A LOT of the difficulties in working with emscripten do not come from using emscripten. They come from the fact that you’re targeting browsers. And between the limitations of browsers and the whole web environment you’re buying into, there’s a whole new world of things that require your consideration and care. This to me is the greatest challenge when it comes to emscripten. It even includes the multithreading thing because it’s a browser-level limitation
Well, following the story of toyBrot, there is really only one logical place to go to now. We have a CPU implementation that works but… what about the GPU? Could you access your GPU from the web?
The short answer to that question is: “Yes, you can”. But to do that we can’t actually use any of the things we’ve used so far (to my knowledge). Can’t CUDA from the browser and WebCL never got any traction, which is a real shame. So this web train needs to make an additional stop before we can get there. We need to resort to OpenGL.

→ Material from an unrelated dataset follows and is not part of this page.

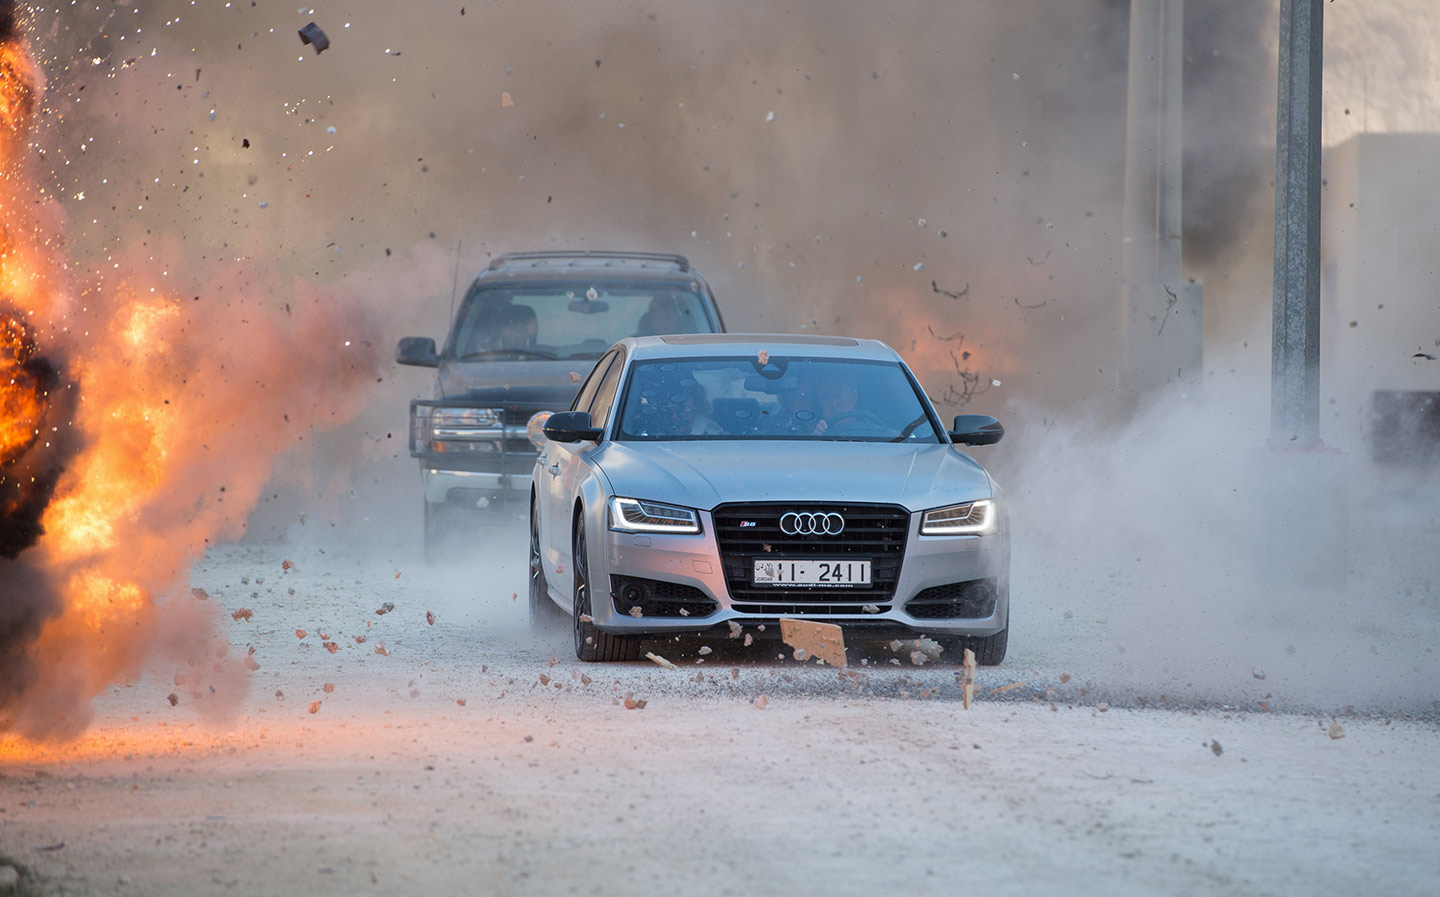 APOCALYPSE WOW The Grand Tour team put the pedal to the metal to avoid an explosion in Jordan

With this in mind, Multi Your Threading #9 will be about implementing toyBrot in OpenGL. And then #10 will be about taking that code, and the things we’ve looked at here and running arbitrary code on your GPU. It works, it can very much be done and the whole code side of things is good to go already, including the deployed wasm. But we’ll need to go through quite a few things to get there, so let’s take our time.